Directions for this task
The data below should be restated word for word, with every picture omitted.

Supplied material: Begin

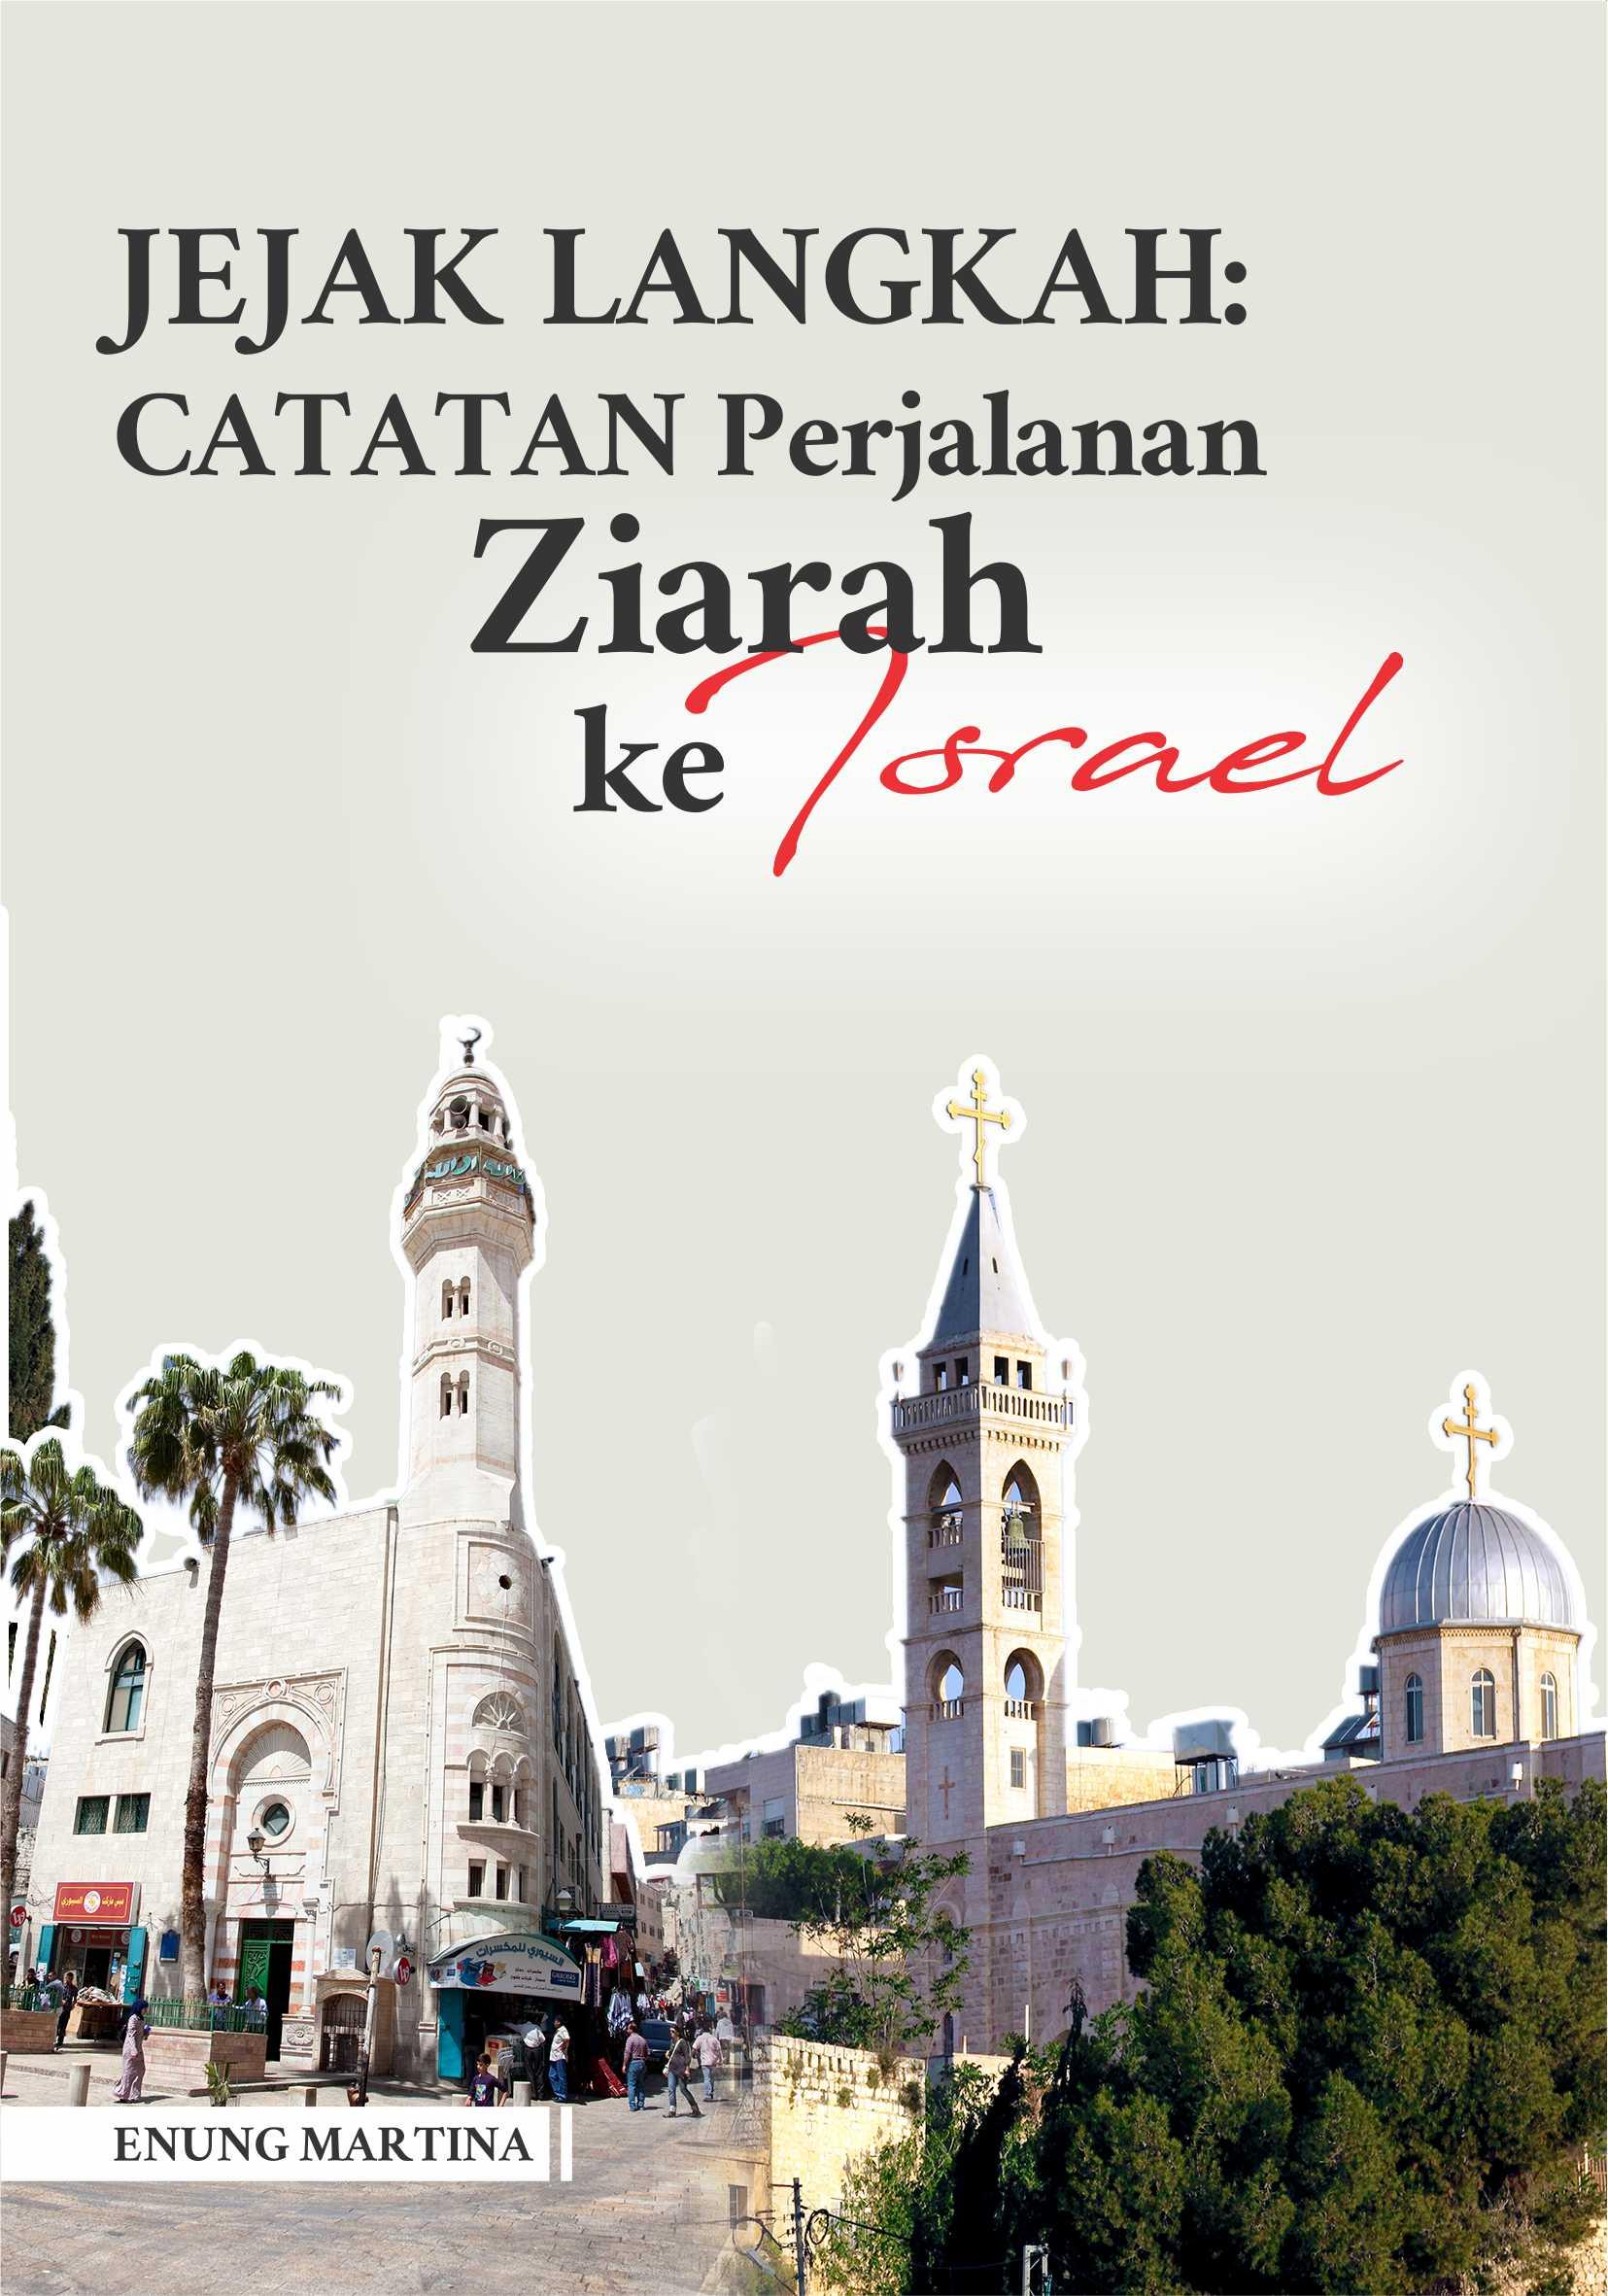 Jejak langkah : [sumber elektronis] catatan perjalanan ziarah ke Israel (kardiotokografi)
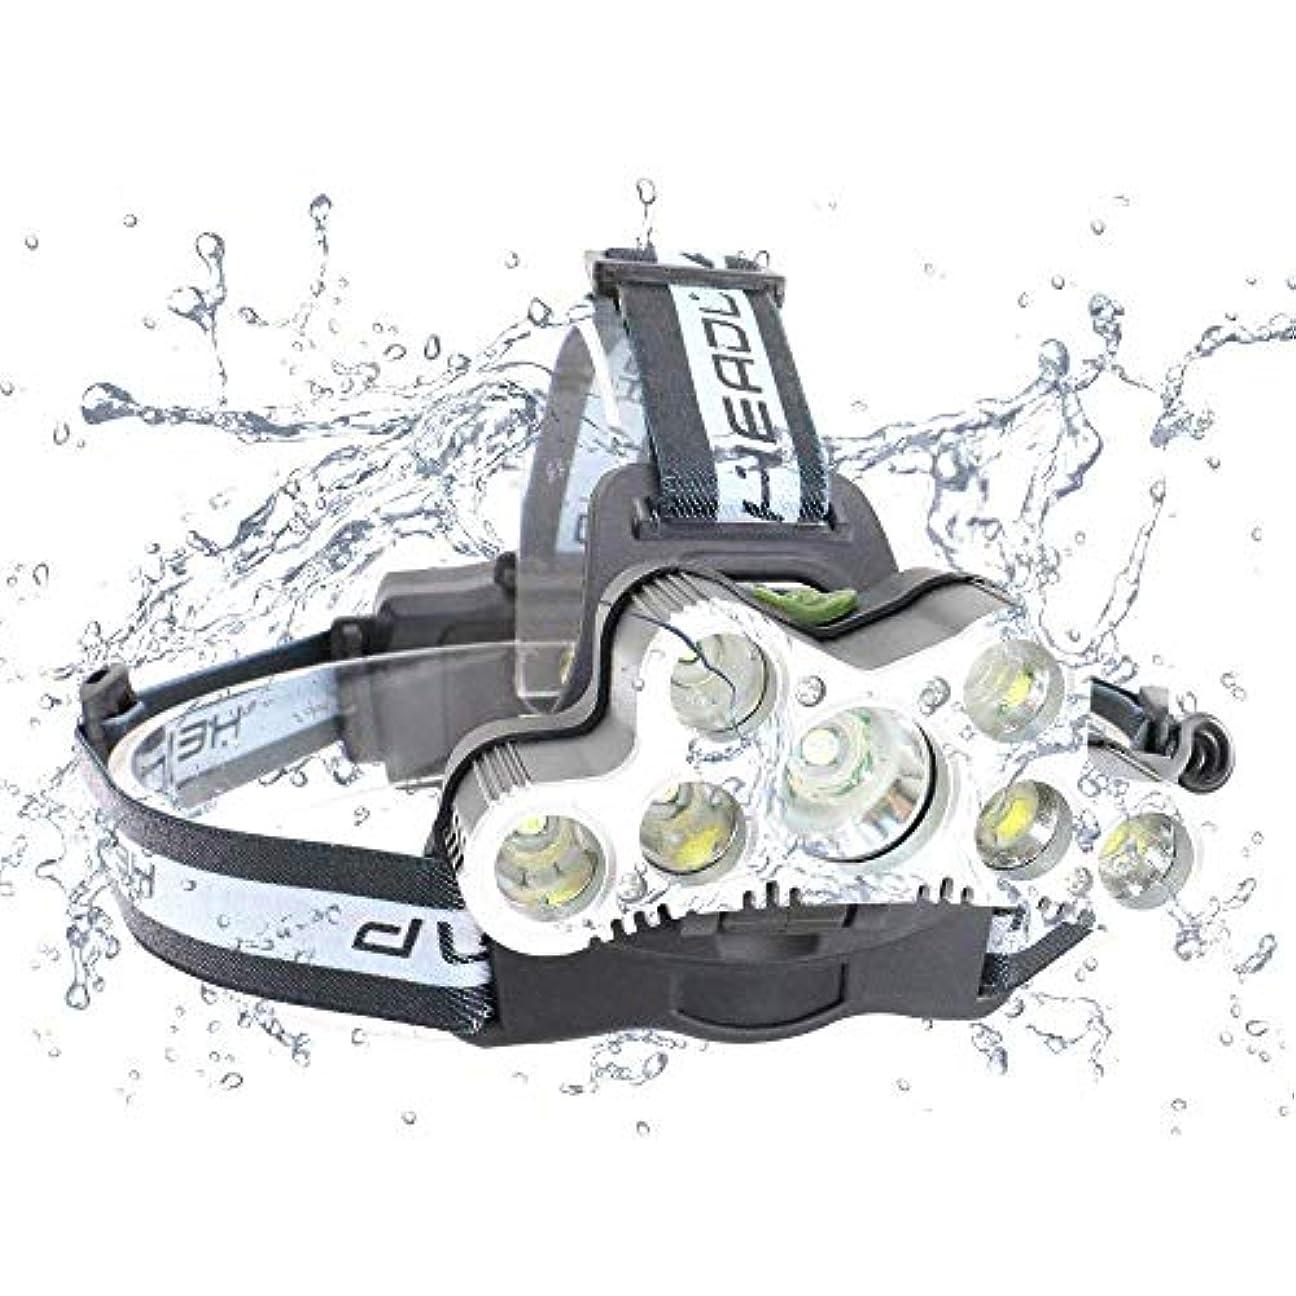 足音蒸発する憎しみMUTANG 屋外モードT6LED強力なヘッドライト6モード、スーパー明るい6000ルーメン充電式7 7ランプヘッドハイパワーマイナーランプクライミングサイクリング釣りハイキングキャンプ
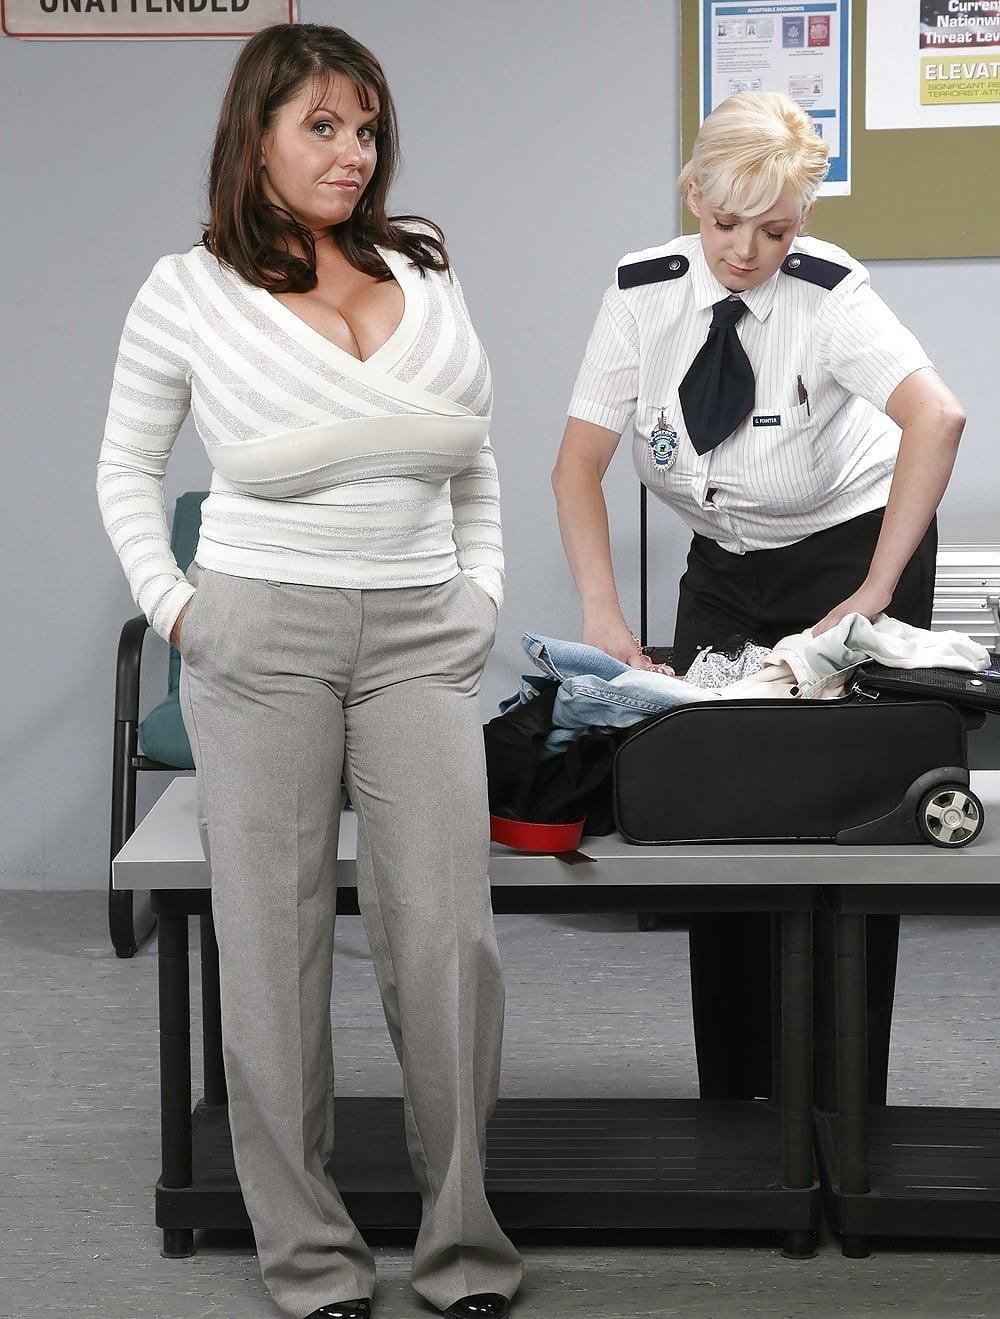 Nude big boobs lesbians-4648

Supplied material: End

Exercise output
 Jejak langkah : [sumber elektronis] catatan perjalanan ziarah ke Israel (kardiotokografi)
 足音蒸発する憎しみMUTANG 屋外モードT6LED強力なヘッドライト6モード、スーパー明るい6000ルーメン充電式7 7ランプヘッドハイパワーマイナーランプクライミングサイクリング釣りハイキングキャンプ
 Nude big boobs lesbians-4648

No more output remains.